Elliot Zhang, President, GWM ASEAN & Thailand, added that the engine and vehicle production hub will be renovated and undergo system upgrades, upon the turnover of the assets as part of the signed deal.
This will enable GWM’s expertise and capability in SUV and pickup truck production, including advanced powertrain technologies, giving it the ability to produce internal combustion engine (ICE) vehicles and electric vehicles such as hybrid electric vehicles (HEVs), plugin hybrid electric vehicles (PHEVs) and battery electric vehicles (BEVs). Moreover, GWM says it will also invest in production automation technologies, such as AI, as well as R&D for Thai and Southeast Asian markets.
Meanwhile, the segment for advanced materials for automotive is also showing forward movement with German materials company Covestro, which has started up its operation of a new production line at the Map Ta Phut Industrial Estate.
Covestro’s new capacity for PC films in Thailand will serve the automotive, telecommunications, medical technology and ID document sectors. The project is the first step in a global expansion of Covestro's plastic film production, the company said, adding that the total investment of more than EUR100 million includes an expansion of the associated infrastructure and logistics to shorten delivery times. Covestro, which has 30 production sites worldwide, has been operating a production facility for specialty films in Thailand since 2007.
Green shoots in electric vehicles
Thailand’s foray in green transportation is also unfazed by the ongoing Covid-19 and volatile political situations.
The government, keen to reduce energy consumption in the transport sector, as well as support global climate change initiatives with EVs, has been incentivising EV production in the country.
Three agencies, Electricity Generating Authority of Thailand (EGAT), National Electronics and Computer Technology Centre (NECTEC), and the National Science and Technology Development Agency (NSTDA), also embarked on EV conversion of old vehicles. The agencies jointly studied and developed major parts used for modifying old vehicles into EVs. Modification for one vehicle costs not more than 200,000 baht, excluding the battery.
Meanwhile, an EV roadmap has been drawn, underscoring Thailand’s capability to becoming a vital EV and electric bikes hub in the Asian region by 2025. The target by then is to produce 250,000 EVs, 3,000 electric public buses, and 53,000 electric motorcycles. In 2030, ambition is to raise EV production to 30% of total annual car production.
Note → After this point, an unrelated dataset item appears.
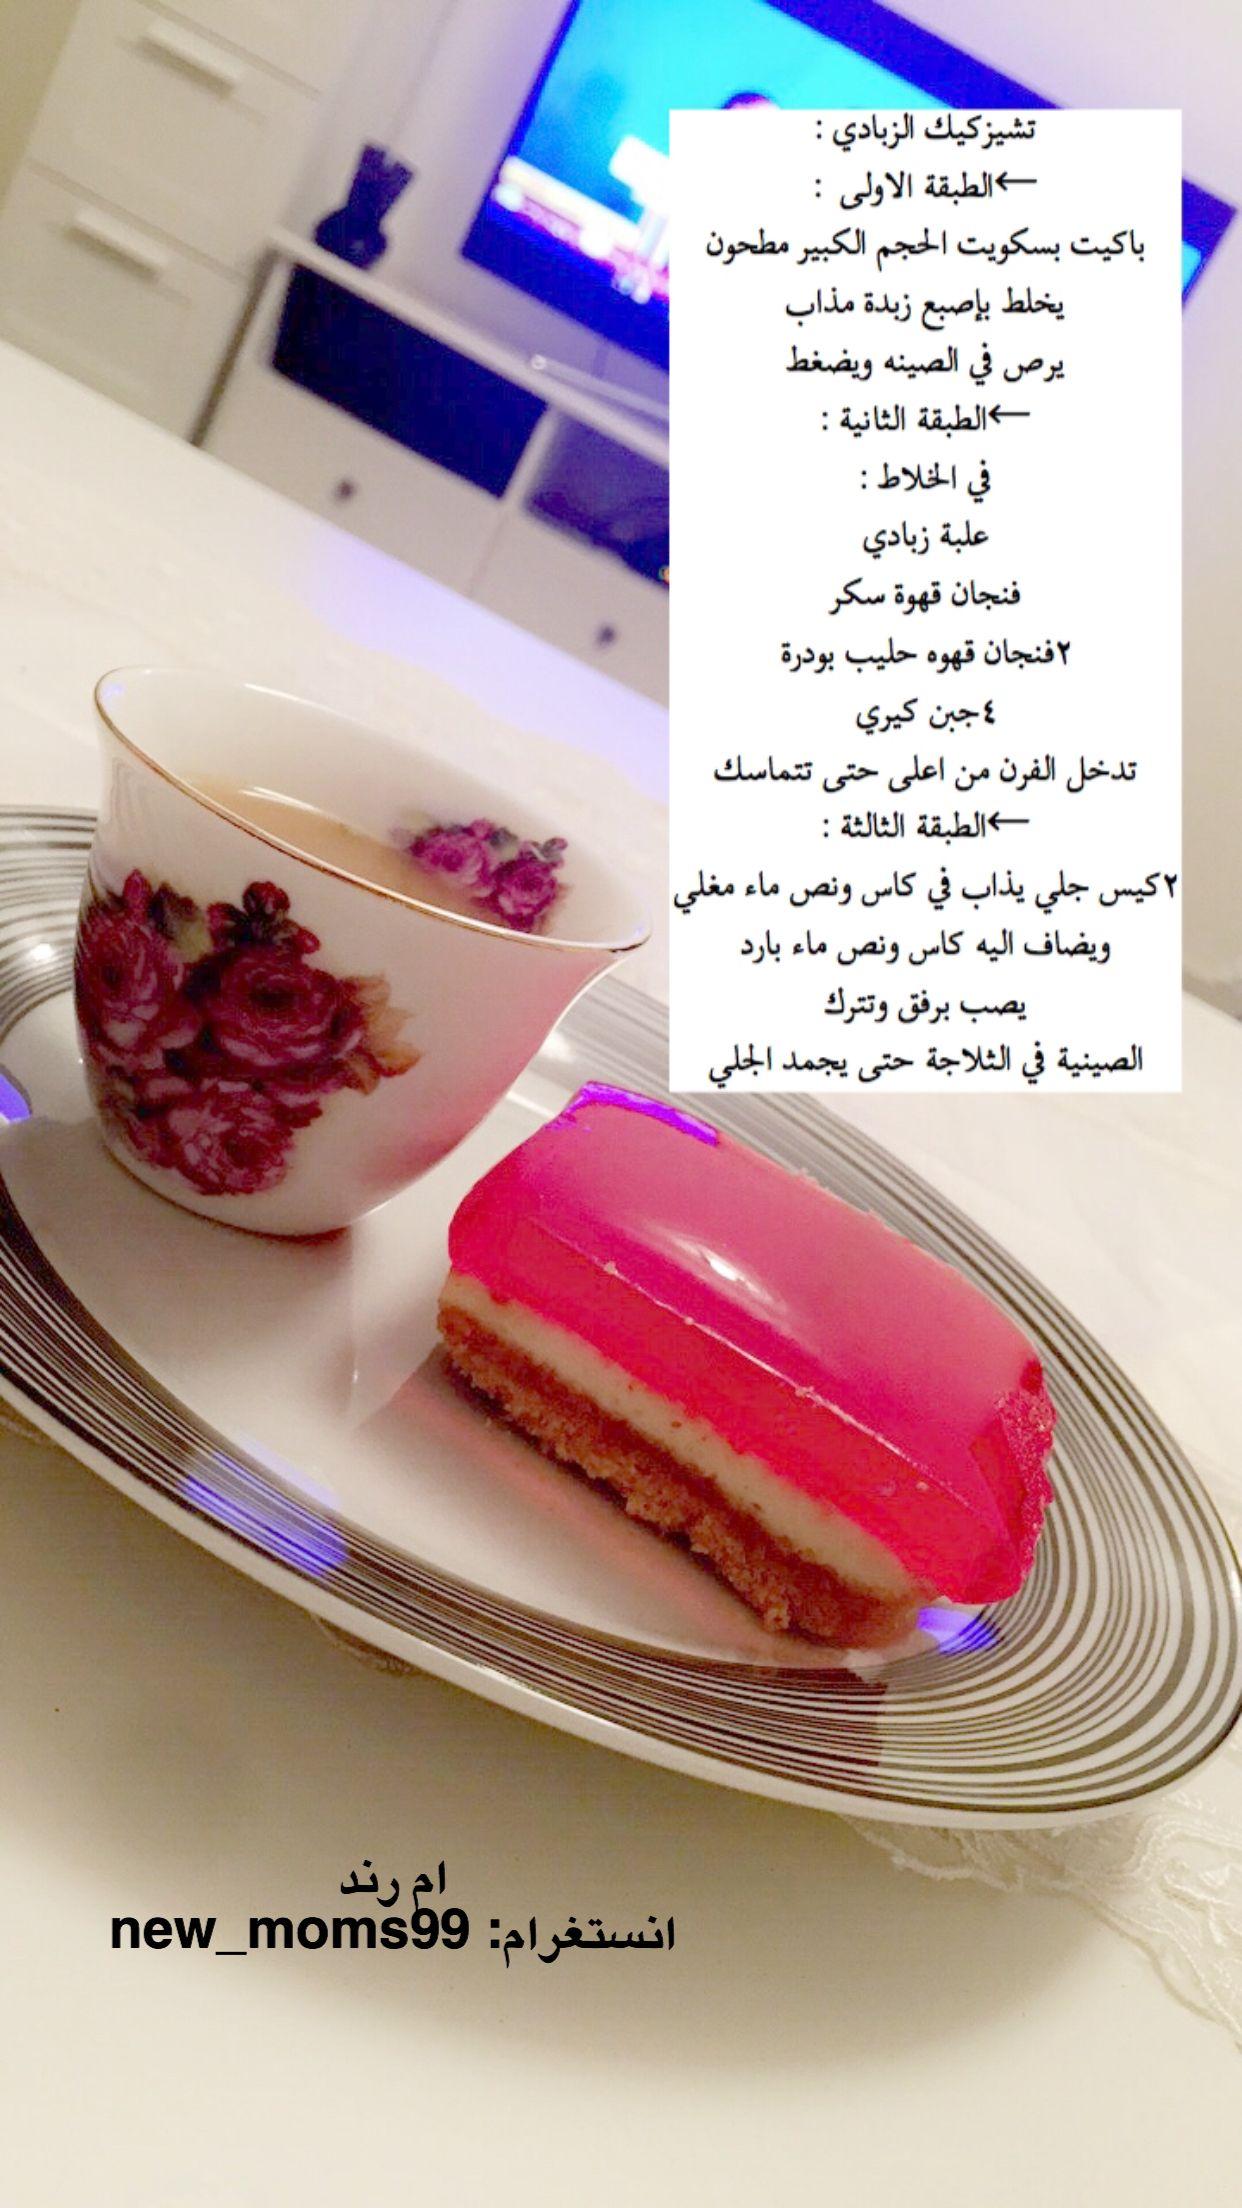 تشيز كيك الزبادي بارد يسرسح ام رند Cooking Recipes Desserts Libyan Food Dessert Recipes
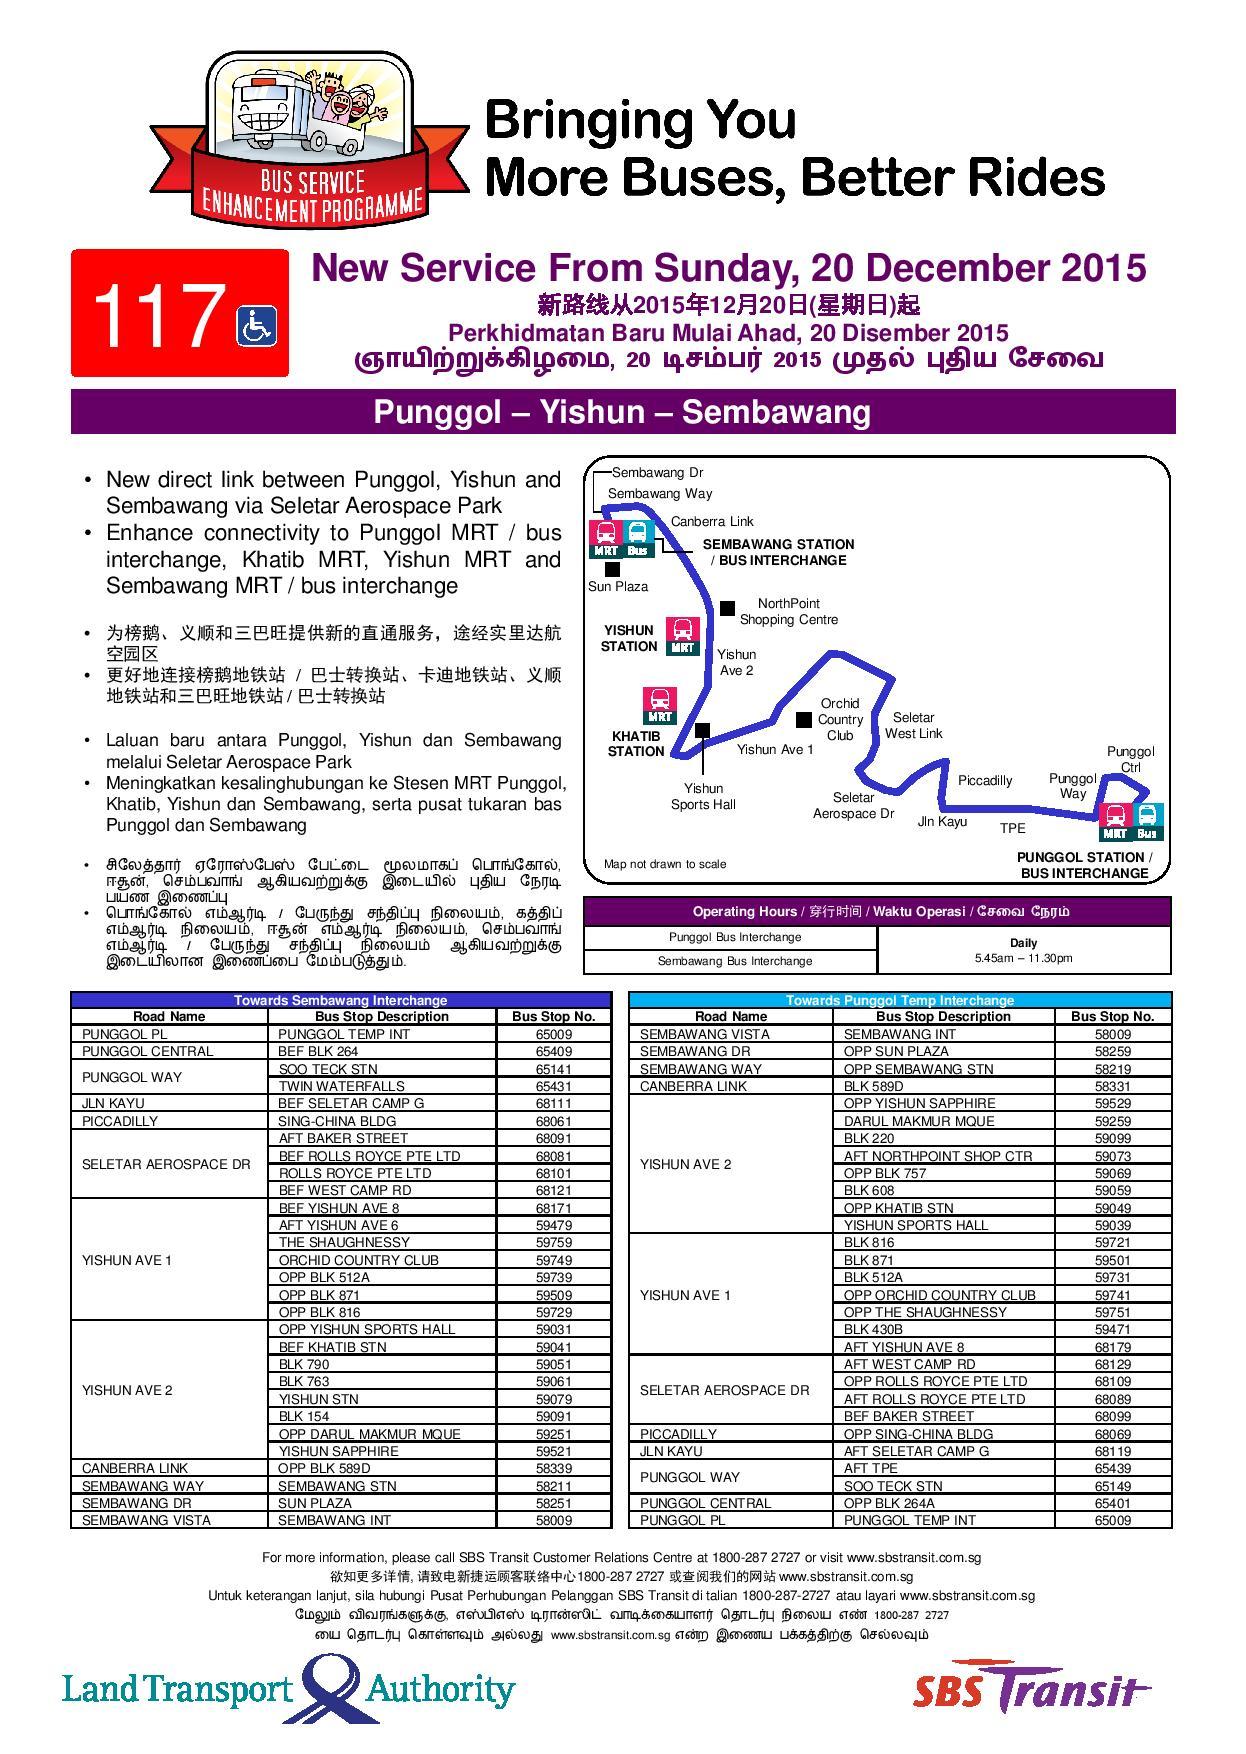 sbs transit service 117 | public transport sg

An EV assessment report by Frost & Sullivan in January, covering 2018 through 2025, projected a CAGR of 21.6% for the EV market during the forecast period. The EV landscape has changed tremendously and at such a short time, with urbanisation as well as technological advancements in e-mobility as major growth drivers.
It is not surprising that adoption of EVs in Thailand continues to rise: in 2019, registration posted over 30,000 new HEVs/PHEVs, and over 1,200 battery electric cars and motorcycles; some 750 charging outlets were installed in 500 locations, according to the Electric Vehicle Association of Thailand (EVAT).
Relatedly, the Thailand Board of Investments (BOI) has recently approved 24 projects by car makers to produce EVs, HEVs, PHEVs, and battery electric vehicles (BEVs), with a combined capacity of over 500,000 units/year.
Among the approved projects include Mitsubishi Motors Thailand, which has earmarked 5.48 billion baht to upgrade the company’s existing car production line at Laem Chabang Industrial Estate, allowing the a production from 2023 of a total of 39,000 vehicles/year, consisting of some 9,500 BEVs and 29,500 HEVs. As well, Sammitr Group is investing 5.5 billion baht investment for the production of 30,000 BEVs at its Phetchaburi facility. Both projects are aimed at the local market and exports, mainly to other ASEAN countries.